The monster is disquieted by my choice, but still feels confident that self-pity will soon raise waves of resentment, which will produce tears of anger, ending in childish tantrums.

But instead … I listen. In the midst of gaining solitude, I hear the song of one single bird, high above me in the tree. I concentrate on the bird’s ongoing song. Peace settles in my spirit. I consider the sparrow.

bird at piano lesson with rock

bird at piano lesson with rock (Photo credit: Terry Bain)

I listen to its melody.

Suddenly I am aware of my own inadequacy. My monster is desperate to acquire my attention. He tries to distract me with other sounds, other dangers, other diversions. I resist.

I stay focused on the song of the bird. In no time at all, I am given a window to my own sanctuary and peer at my treasure. And then, there before me–is my own heart. It is divided. It is sliced betwixt the truth of my need and the lies of the monster.
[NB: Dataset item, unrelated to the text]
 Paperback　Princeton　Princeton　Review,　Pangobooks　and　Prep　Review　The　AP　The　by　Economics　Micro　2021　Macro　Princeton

I retrieve the truth. It’s really not that painful, because in the midst of admitting the facts of my life, I am granted freedom through the choice. All at once I am exhilarated by my discoveries.

The monster is enraged by my pursuits, having been thrust to the back of my consciousness, locked in a closet unto himself. I have such a great assurance of peace in my soul that I feel like I can speak aloud to God–and there is that amazing chance that He might just speak back.

What a sensation.

I spend ten minutes on that bench with myself, temporarily freed of my monster. I don’t want to leave. I would love to believe that my adversary is gone forever, locked in the tombs of my past. But I know that as soon as I leave the bench and drive away from the park, the monster will gradually emerge from the shadows–sheepishly at first, acting a bit surprised that I ever deemed him an enemy. He will try to wiggle his way back into my thinking and will take the everyday disappointments and attempt to turn them into signs of the apocalypse.
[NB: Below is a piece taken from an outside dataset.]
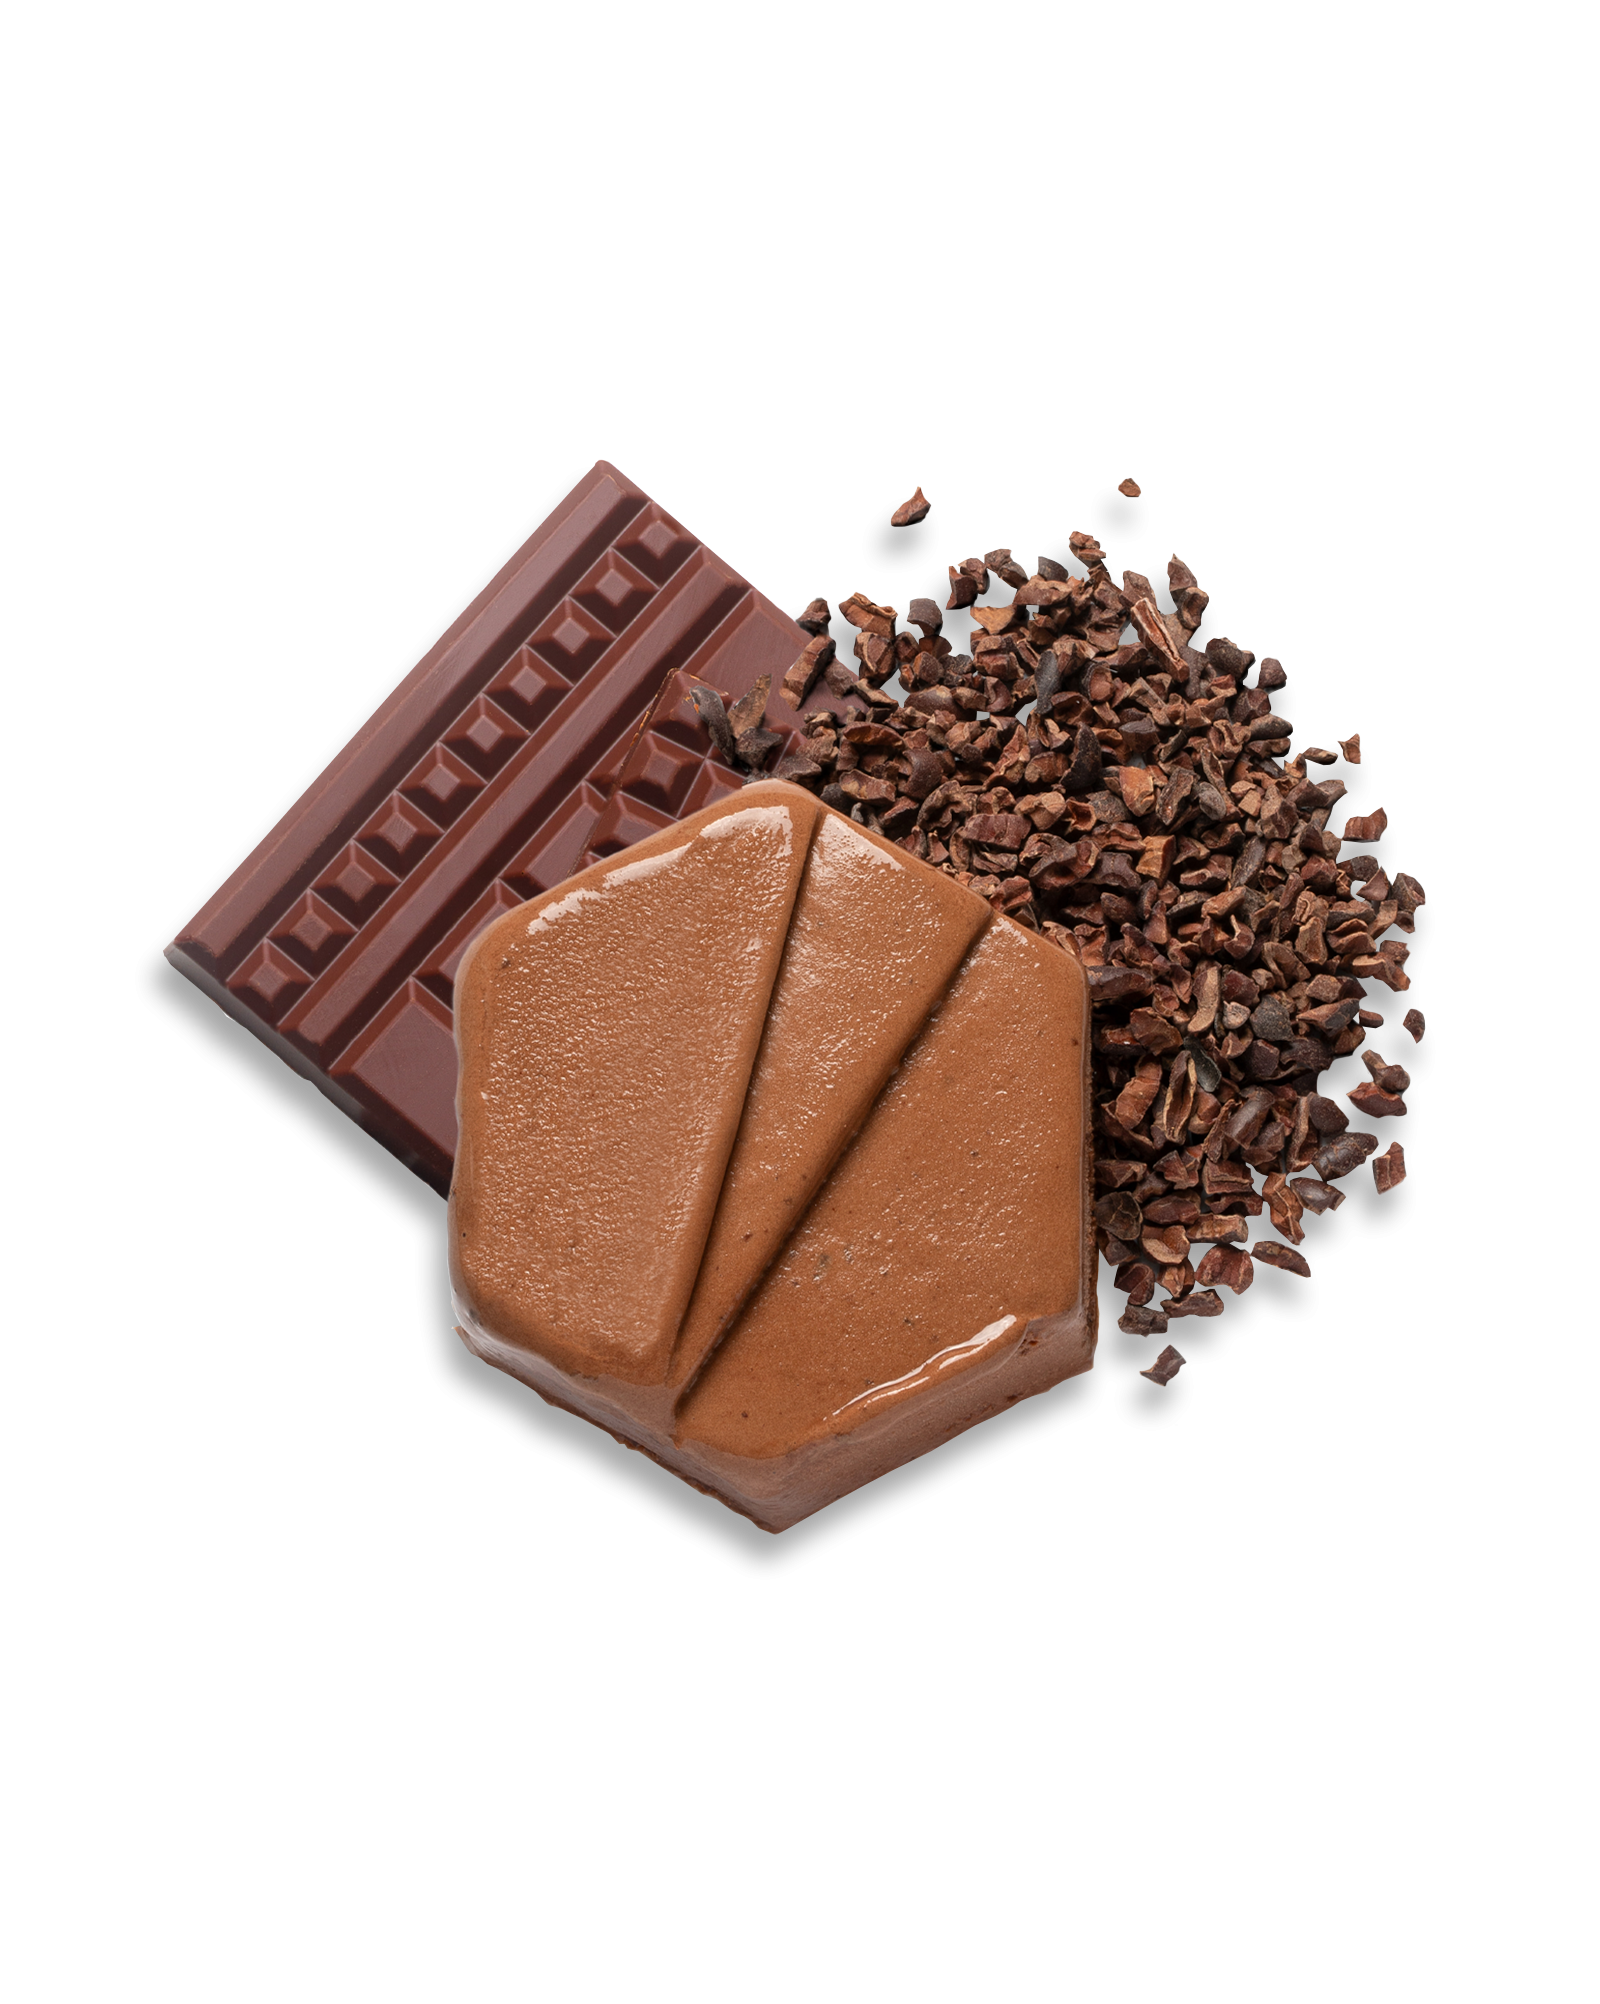 Sorbet chocolat Madagascar

I will resist him. I will recognize his hovering presence as being anything but protective. I will outsmart him again.

The monster lives. The monster breathes, being granted life by traditions and apprehensions. He seeks entertainment. He wants me to escape into the world, where I lose sight of gaining my own soul.
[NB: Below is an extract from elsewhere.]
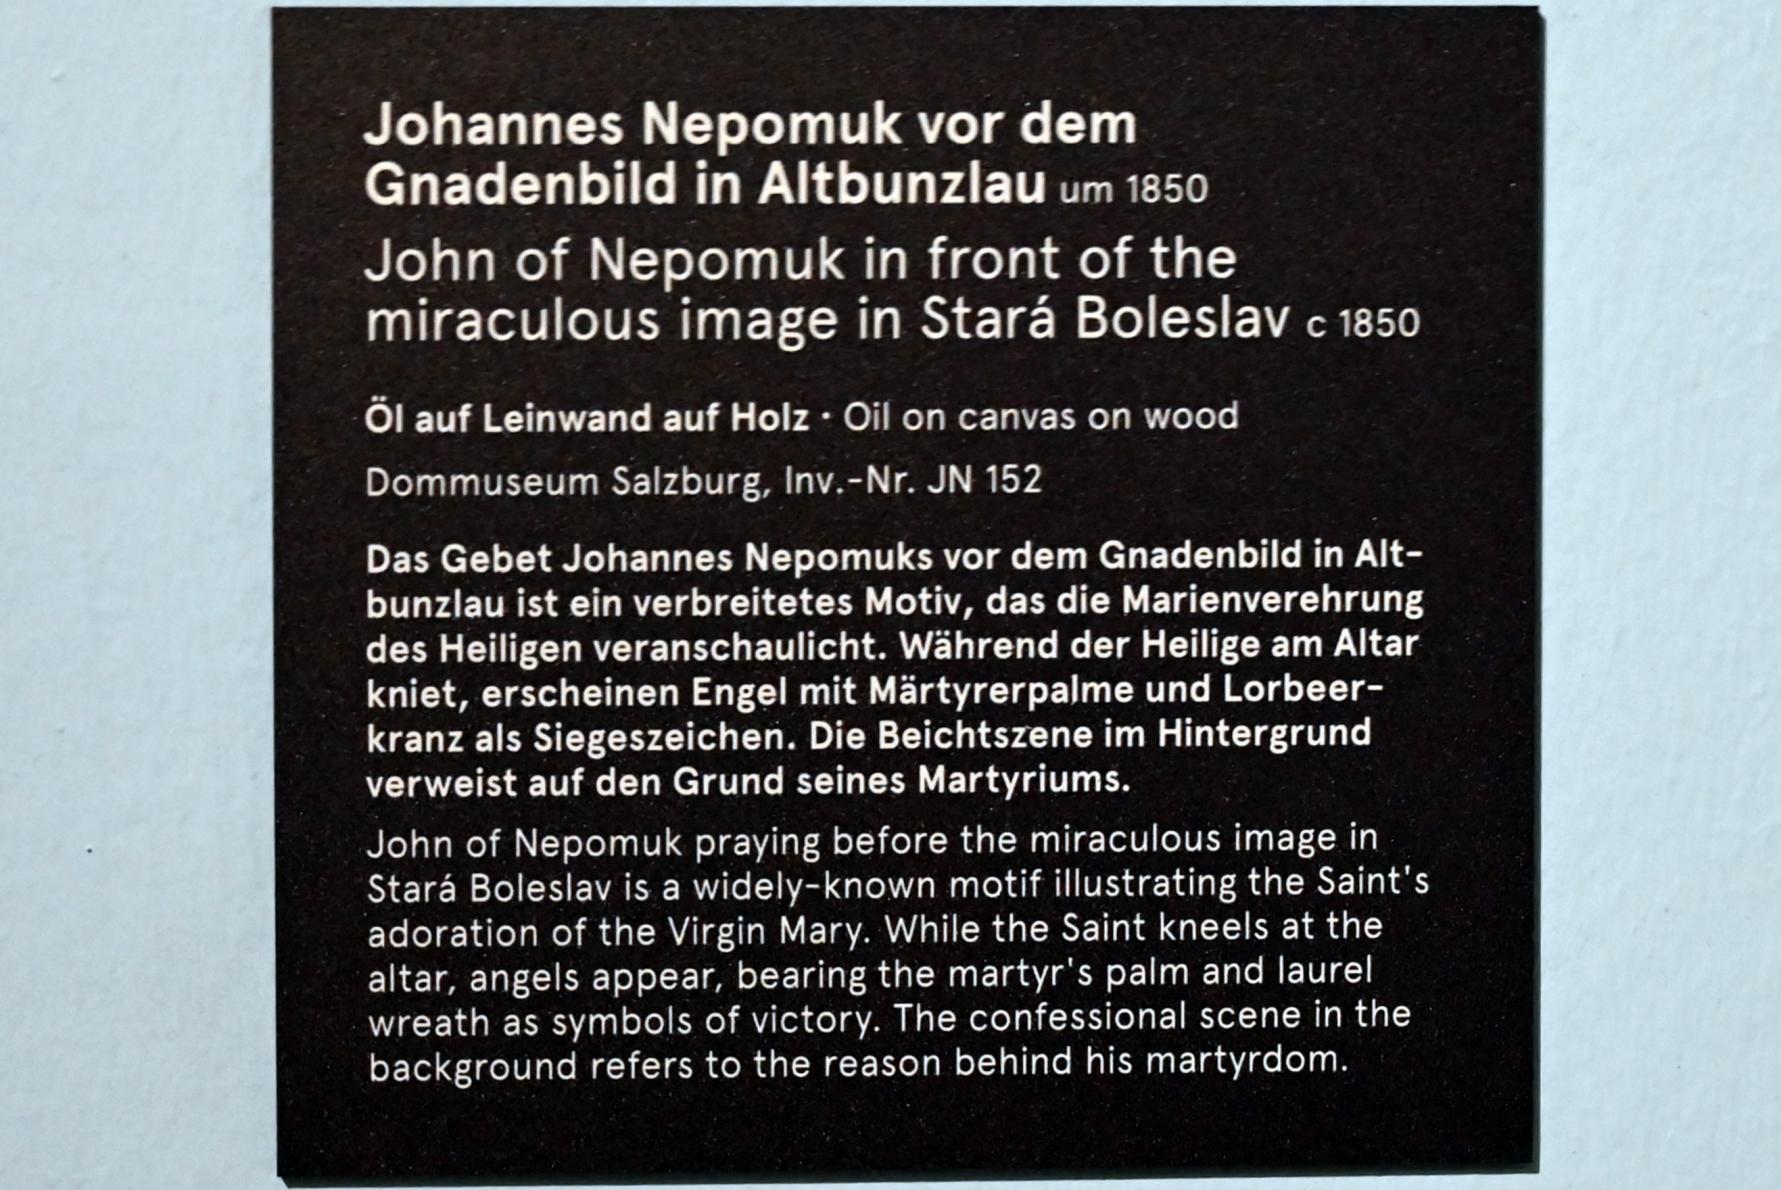 Johannes Nepomuk vor dem Gnadenbild in Altbunzlau, Salzburg, Dommuseum Salzburg, um 1850, Bild 2/2

He wants me to hate. He wishes that I would call that emotion “discretion.” He is devious. He is part of me.

I fooled the monster today. I spent some time with a bird, my own reflections, talking to the Kingdom of God within me, uncovering repentance. The monster is a little weaker.

The monster craves entertainment, like an addict on the second day of rehab. I will attempt to refuse his demands. I will persever in controlling my monster. But it all begins by never forgetting that he is there.

Yes, knowing he’s there … but not giving it a single care.